• Instructions for the task: Below is a listing. Set down exactly the lines from the one containing "木门店面欧式罗马柱装修效果图" through the one containing "Poetic Justice Men", both ends included, and leave out the rest.

• Data:
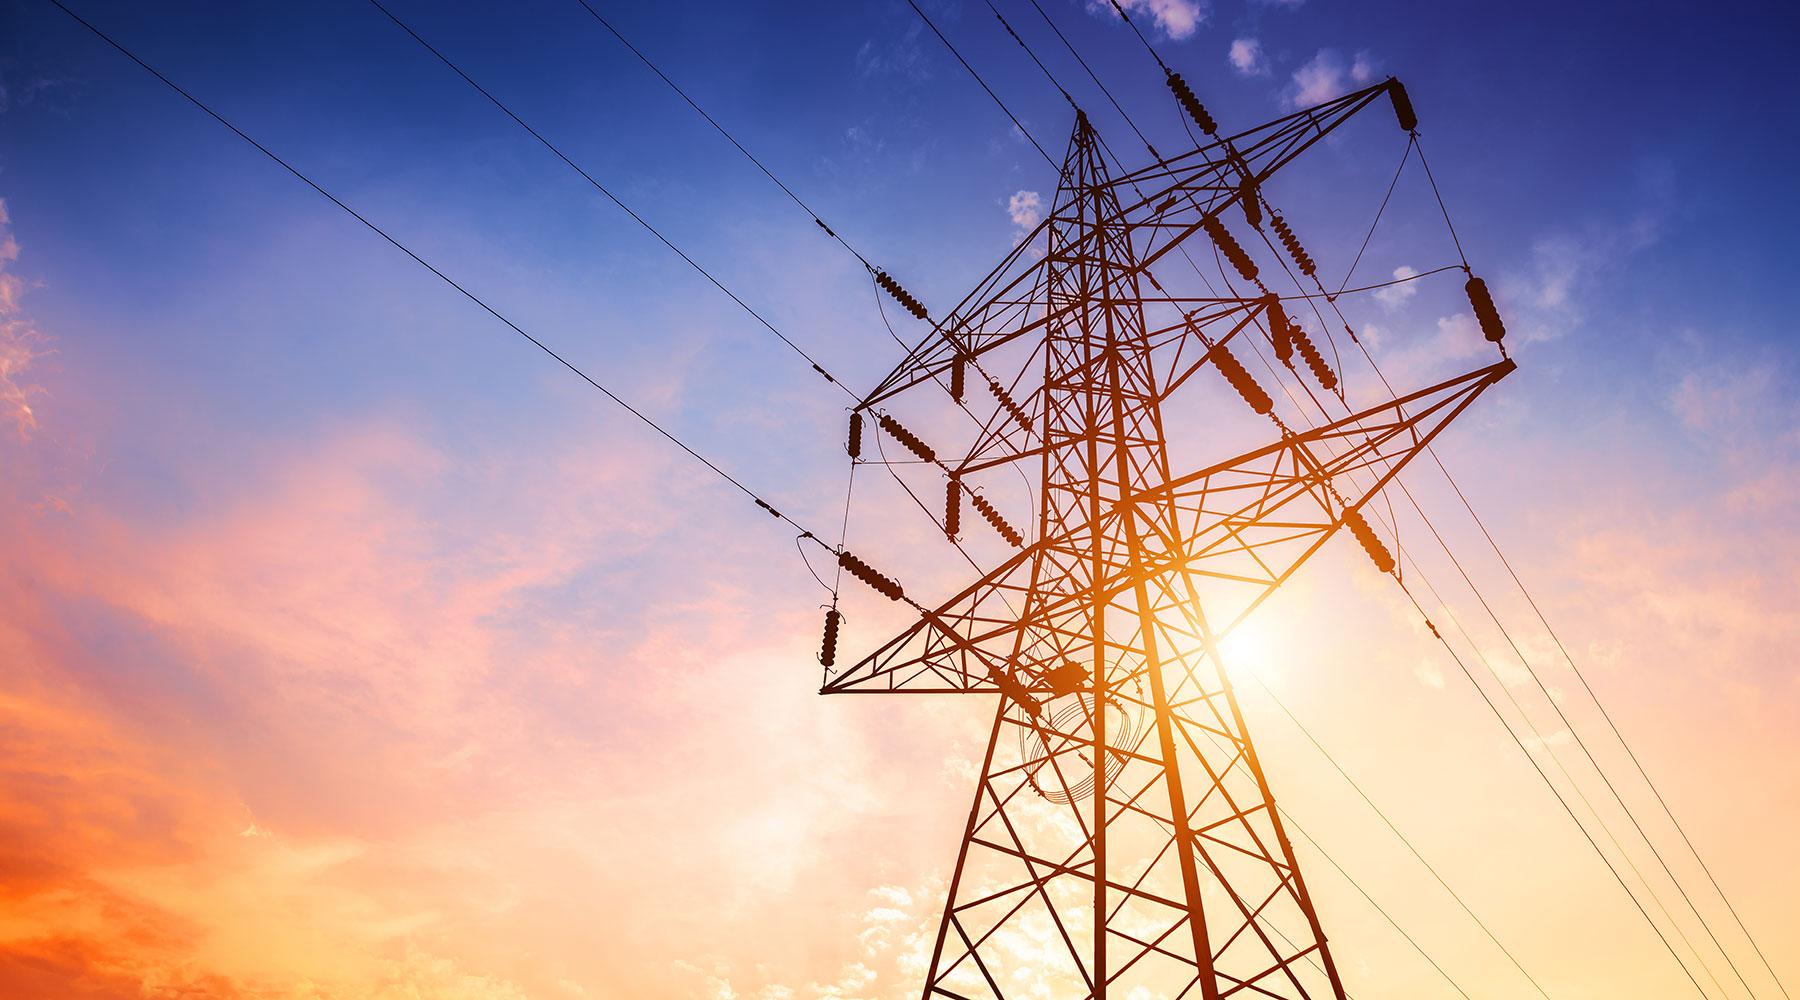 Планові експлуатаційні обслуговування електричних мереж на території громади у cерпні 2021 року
--
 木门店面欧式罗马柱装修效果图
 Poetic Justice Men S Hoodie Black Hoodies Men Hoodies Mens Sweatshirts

• Answer for this exercise:
 木门店面欧式罗马柱装修效果图
 Poetic Justice Men S Hoodie Black Hoodies Men Hoodies Mens Sweatshirts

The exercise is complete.